_RECORDS FOR THE EXERCISE_:
--
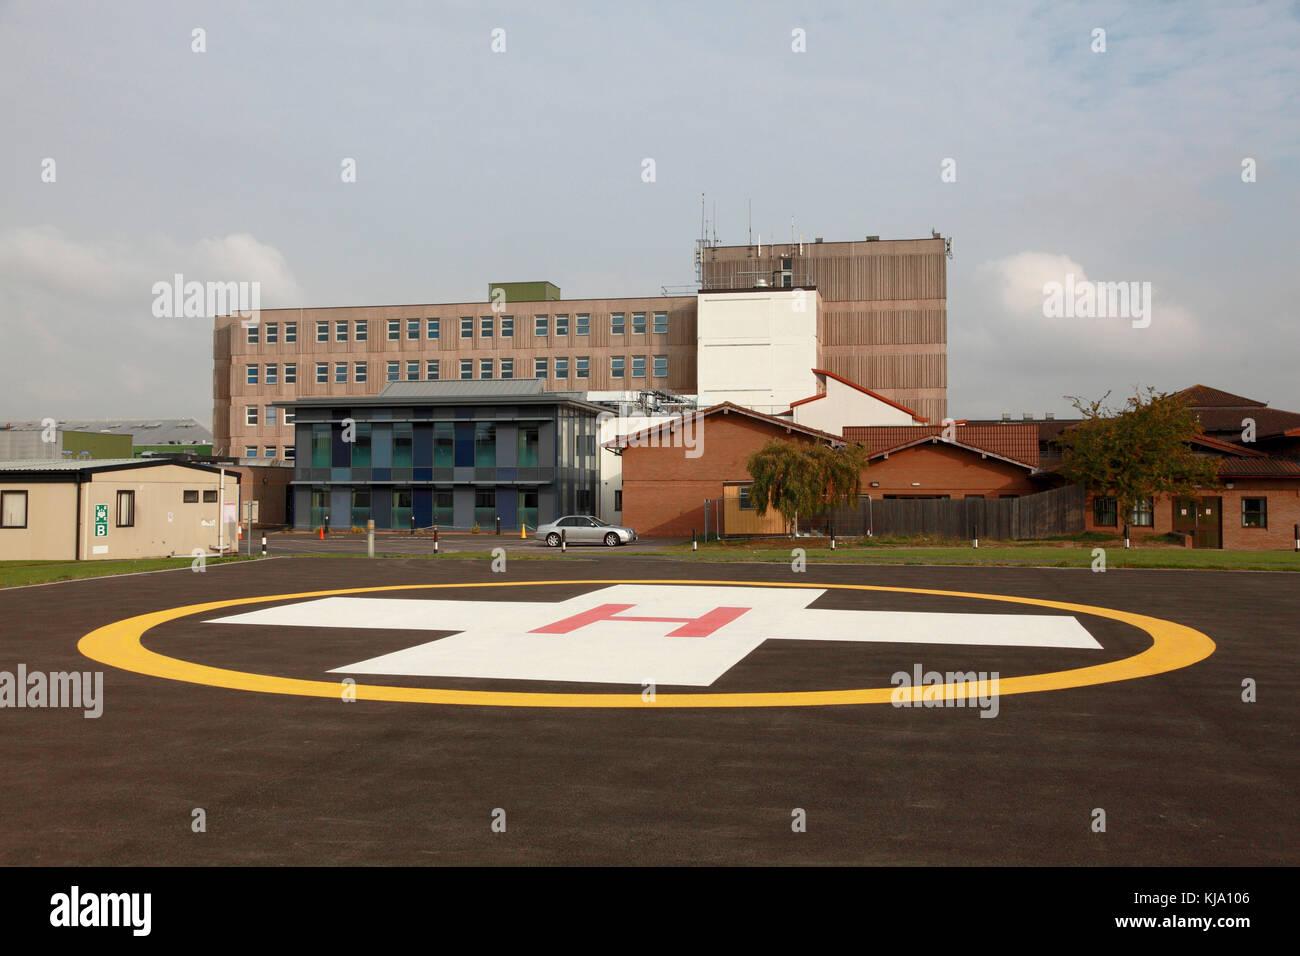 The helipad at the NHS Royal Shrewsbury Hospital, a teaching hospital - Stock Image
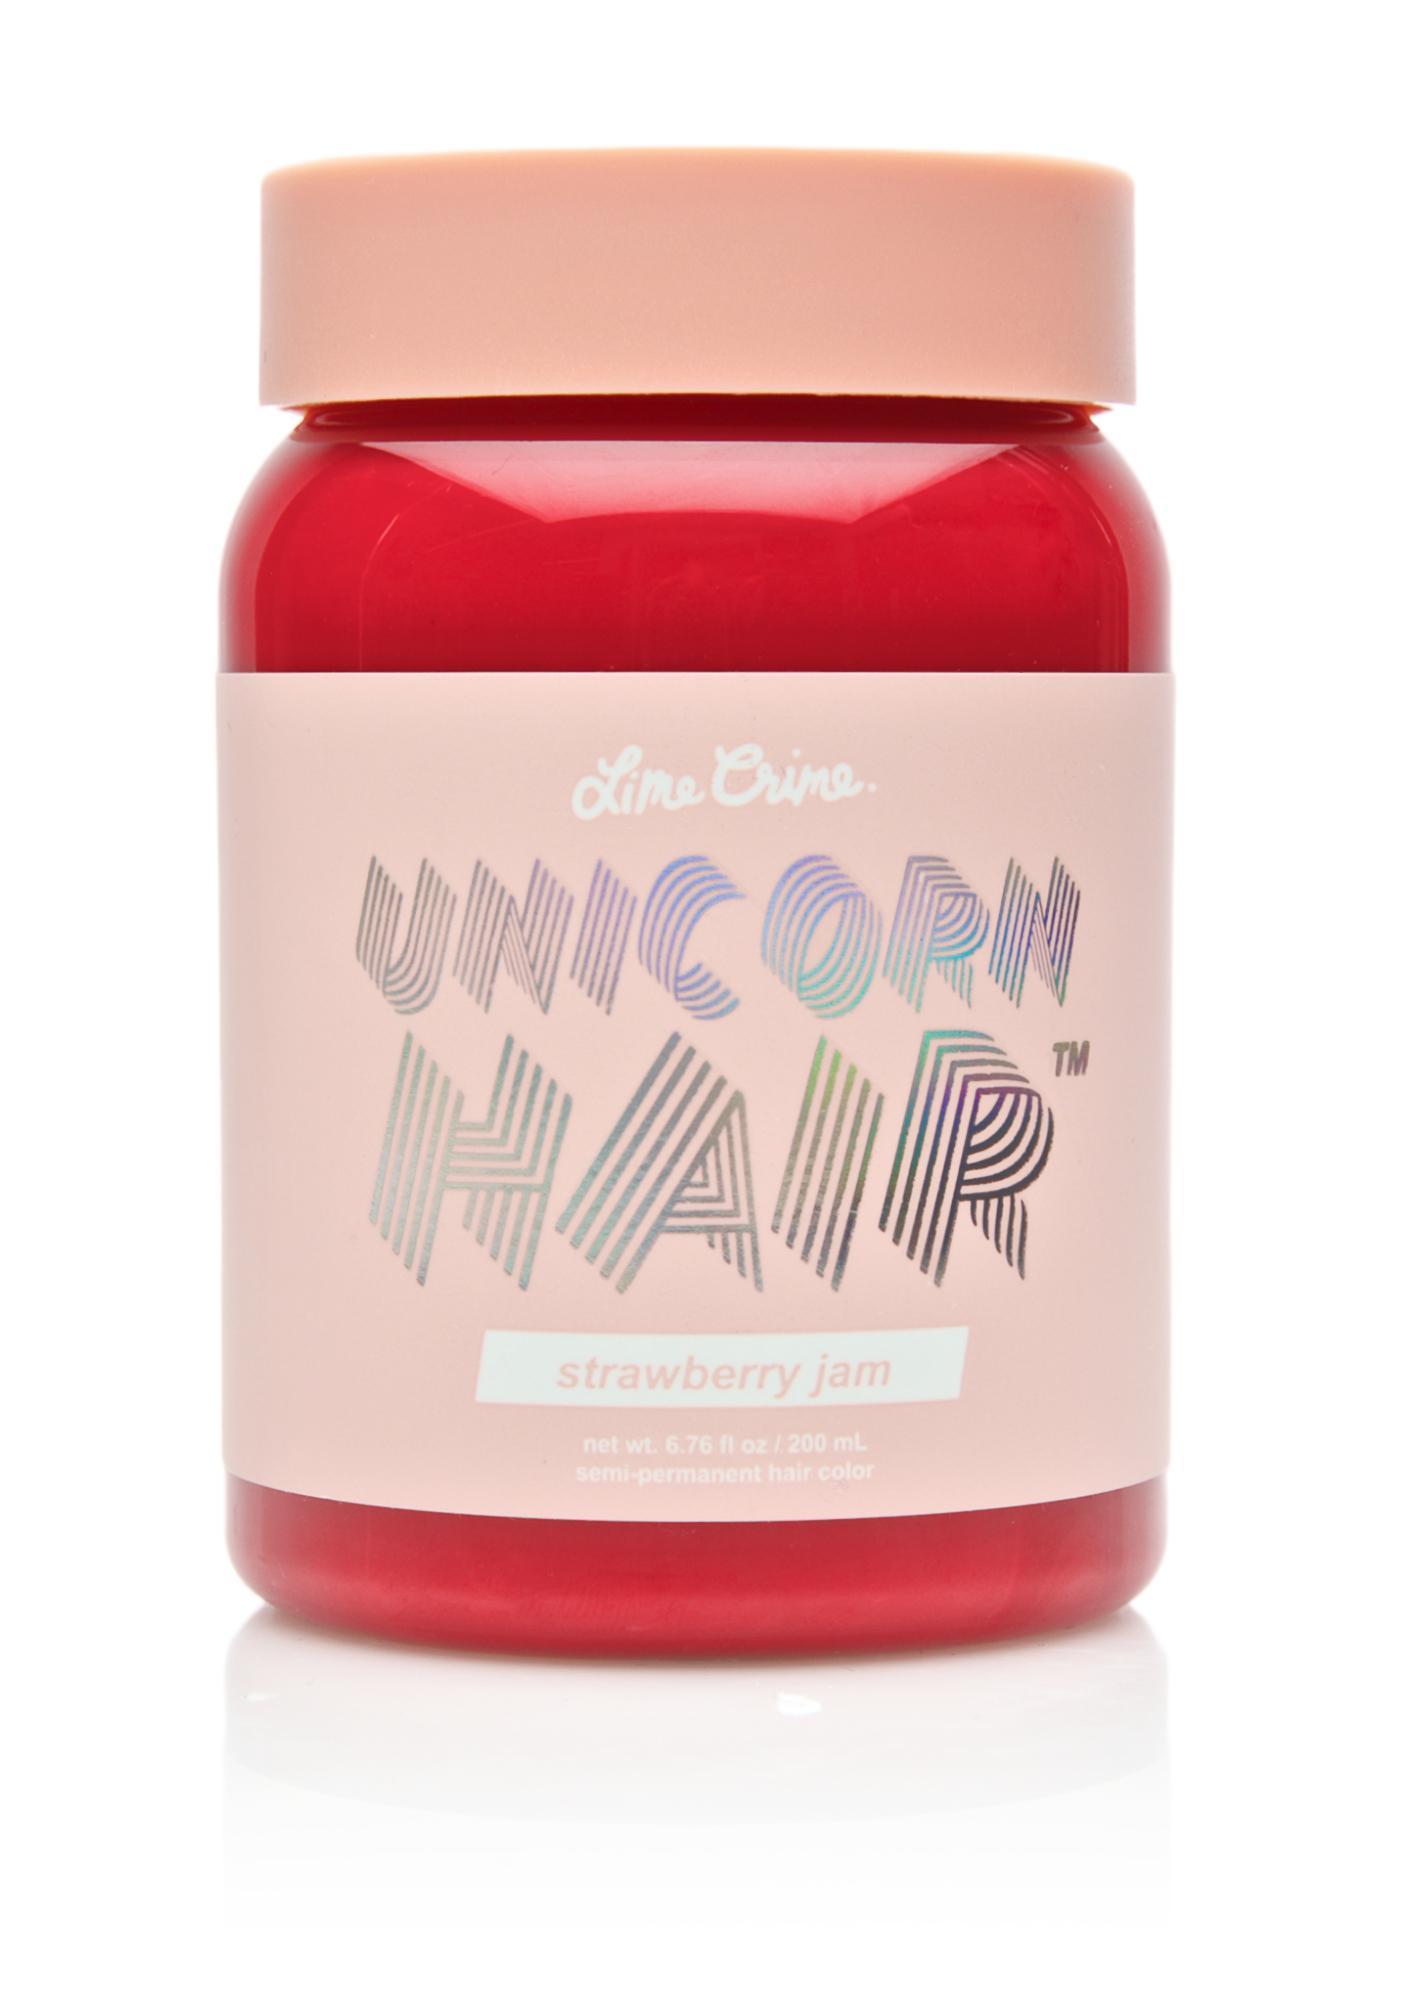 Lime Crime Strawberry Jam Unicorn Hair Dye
--
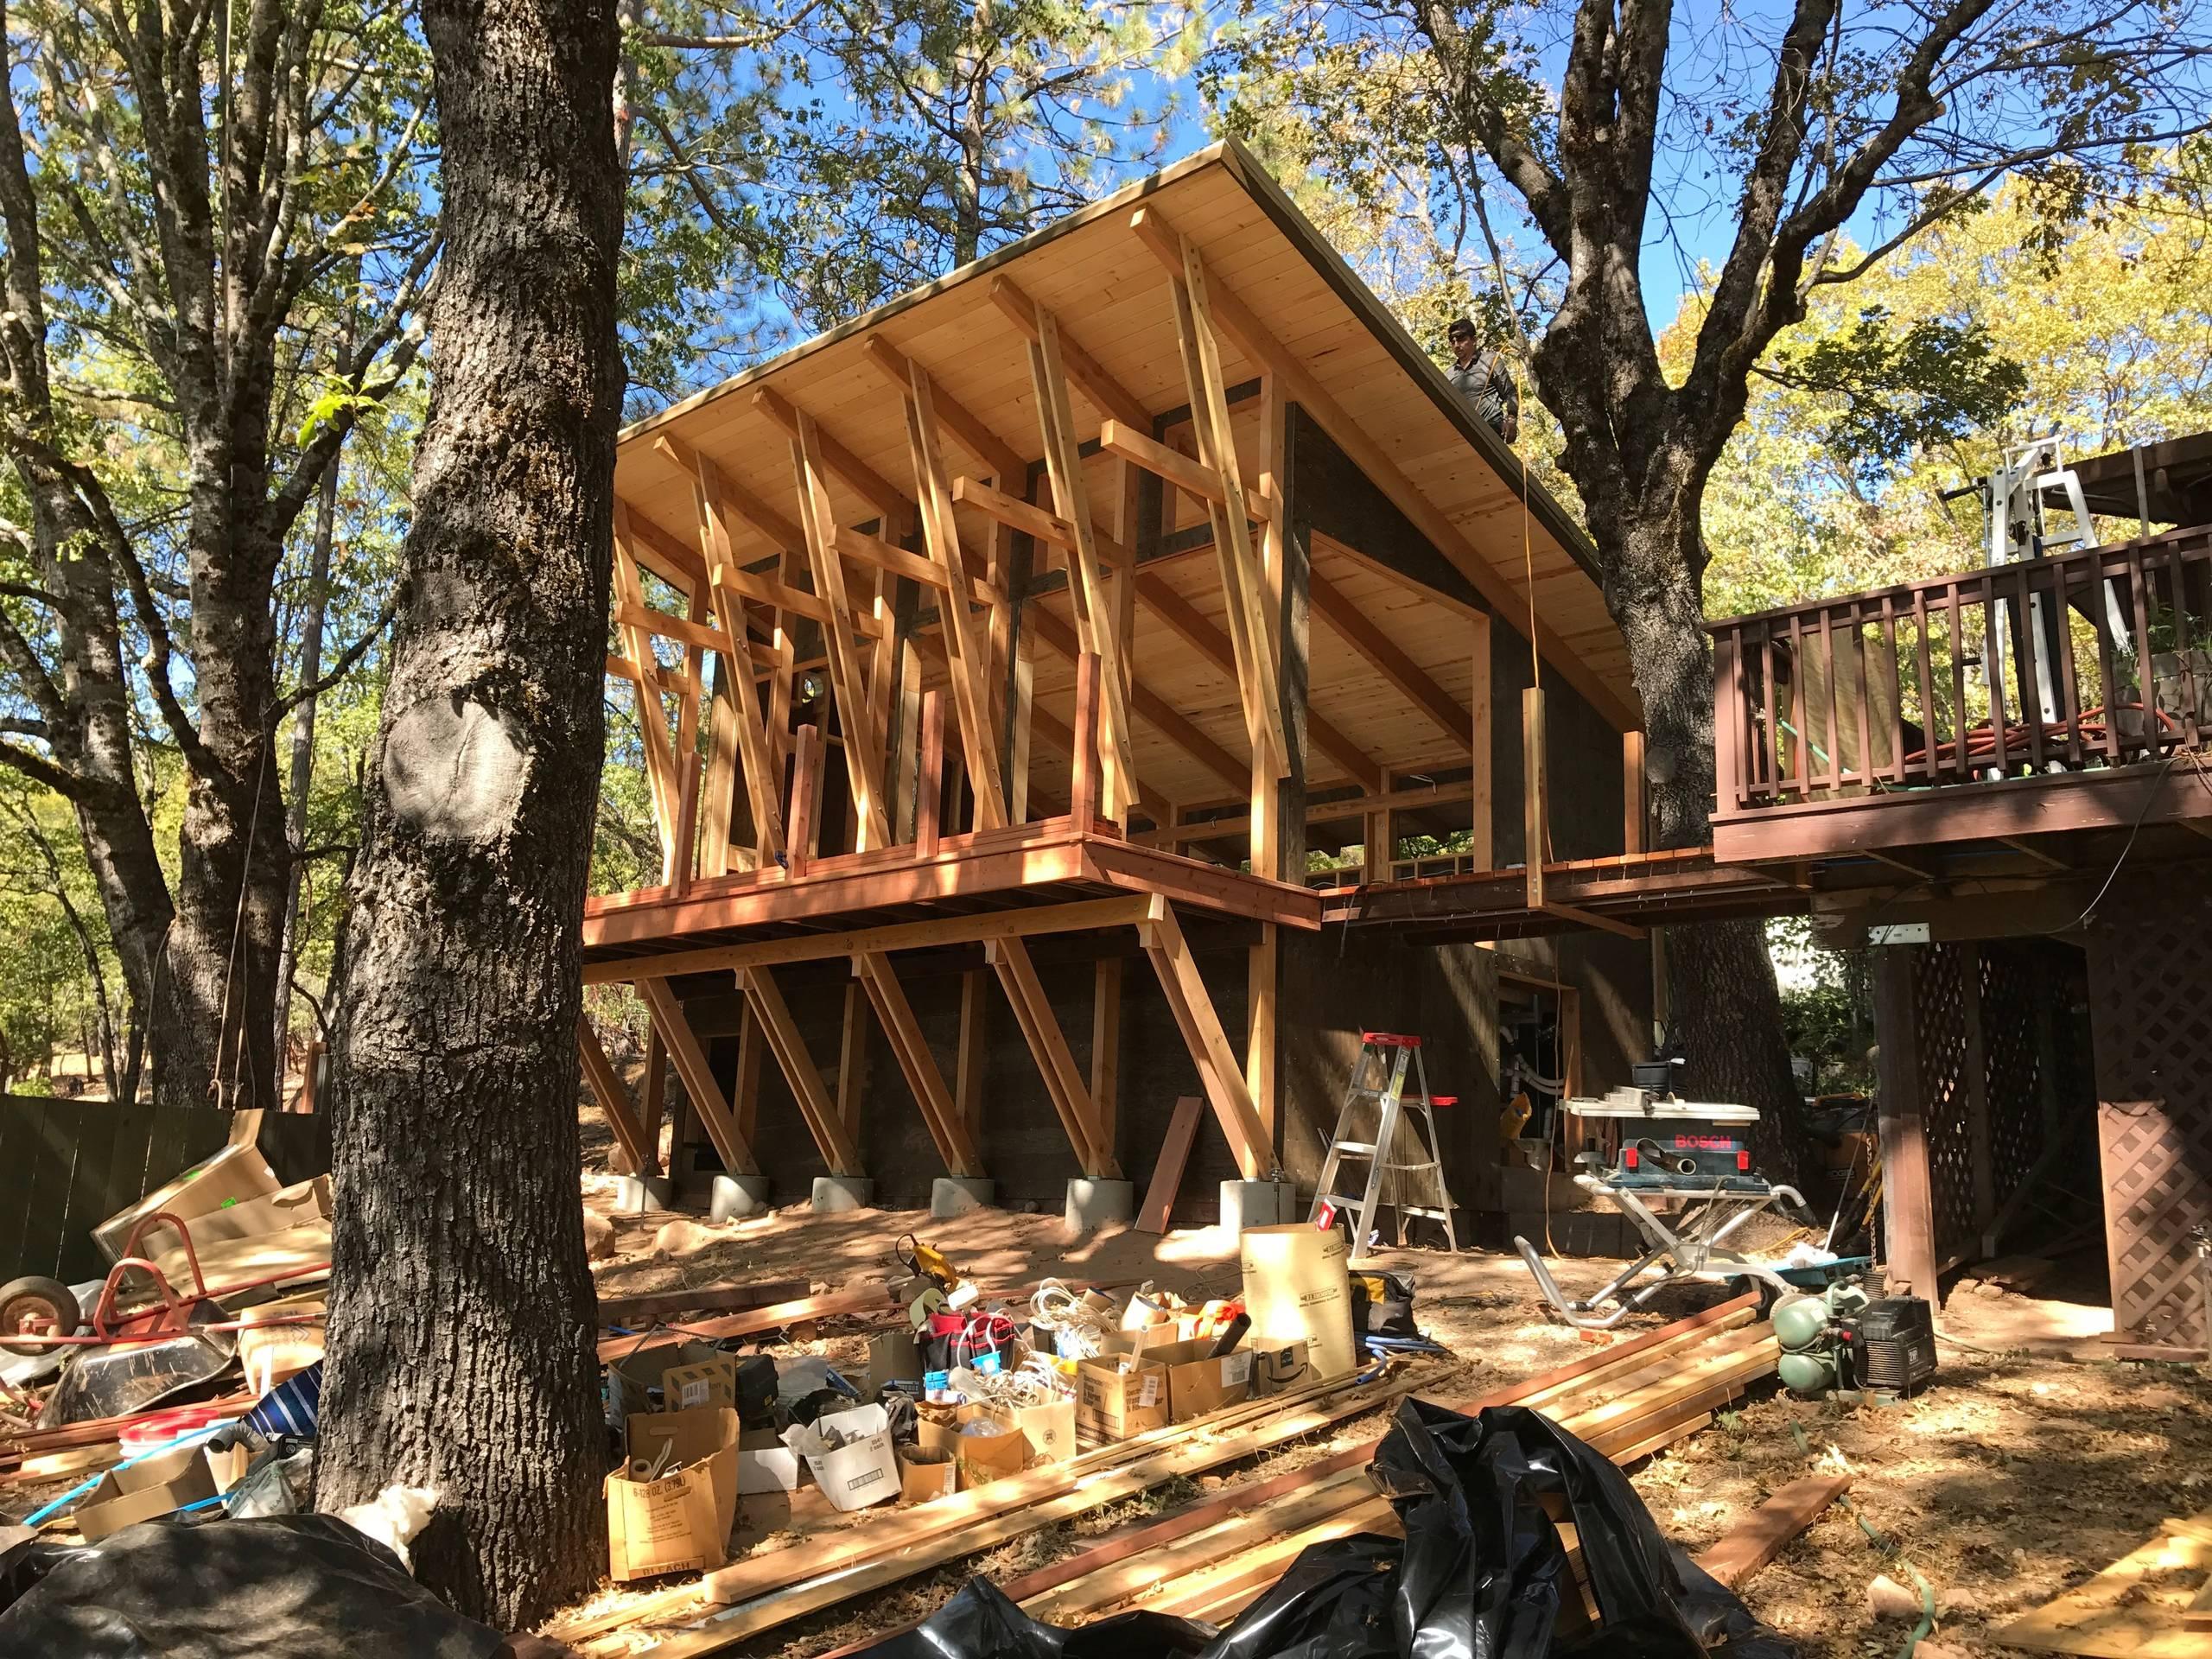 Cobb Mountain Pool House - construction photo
--
_DIRECTIONS FOR THIS TASK_: Look above for the line with "The helipad at" and copy exactly from it through the line with "Lime Crime Strawberry Jam Unicorn Hair Dye", both included. Omit the pictures.

_SOLUTION TO THIS PROBLEM_:
 The helipad at the NHS Royal Shrewsbury Hospital, a teaching hospital - Stock Image
 Lime Crime Strawberry Jam Unicorn Hair Dye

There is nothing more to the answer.